Oculomotor axons use external and autocrine Slit signals for fasciculation, navigation, branching, and connectivity in mouse embryos

Background Eye alignment and movements are controlled by three cranial nerves: the oculomotor (nIII), trochlear (nIV), and abducens nerves (nVI). Developmental errors of these nerves can lead to eye movement disorders. However, the molecular and cellular mechanisms that guide motor axons to the eye remain poorly understood. Methods Oculomotor nerve guidance was examined in mutant mouse embryos for the secreted Slit proteins and Robo receptors. Methods included mapping Slit and Robo expression using Slit transgenic markers and Robo antibodies, imaging of oculomotor nerves and muscles using antibody labeling, and culture of oculomotor axons with Slit proteins. Results Robo1 and 2 were expressed in motor axons, while Slits were expressed surrounding the motor pathway, in mesenchymal tissues around the eye muscles, and by motor axons. Robo1/2 or Slit1/2 mutant embryos had similar guidance defects at several steps. The initial nerves projecting out to the eye were defasciculated. Upon reaching the eye, oculomotor axons normally stop to form a plexus in contact with muscle precursor cells, but in Robo and Slit mutants, the motor axons spread abnormally to overshoot. Later, abnormal nerve branches resulted in reduced muscle innervation.

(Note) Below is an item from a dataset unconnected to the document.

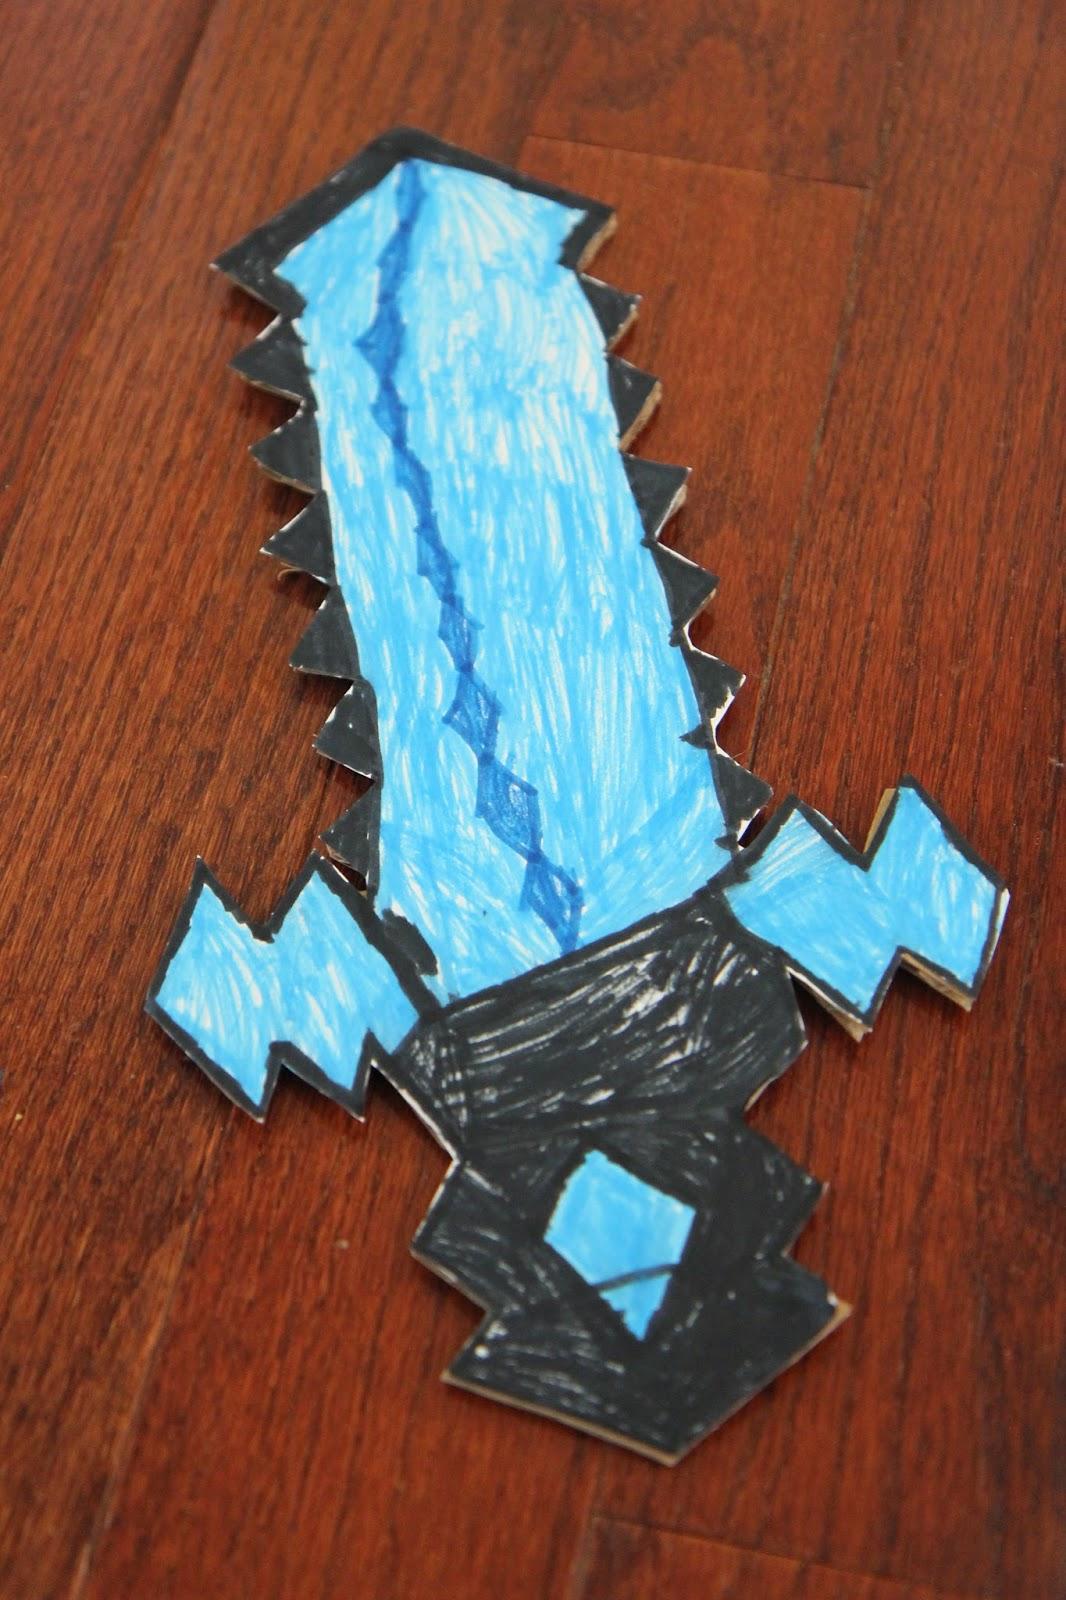 Toddler Approved Diy Cardboard Minecraft Sword Free Printable

Importantly, motor neuron-specific deletion of Slit2 caused a subset of these errors. Conclusions Several steps along the navigational pathway of oculomotor nerves are controlled by Slit/Robo signals, including fasciculation, correct navigation to an intermediate target, and innervation of extraocular muscle. Furthermore, important aspects of motor axon guidance are controlled by autocrine Slit2 signals produced by motor axons themselves.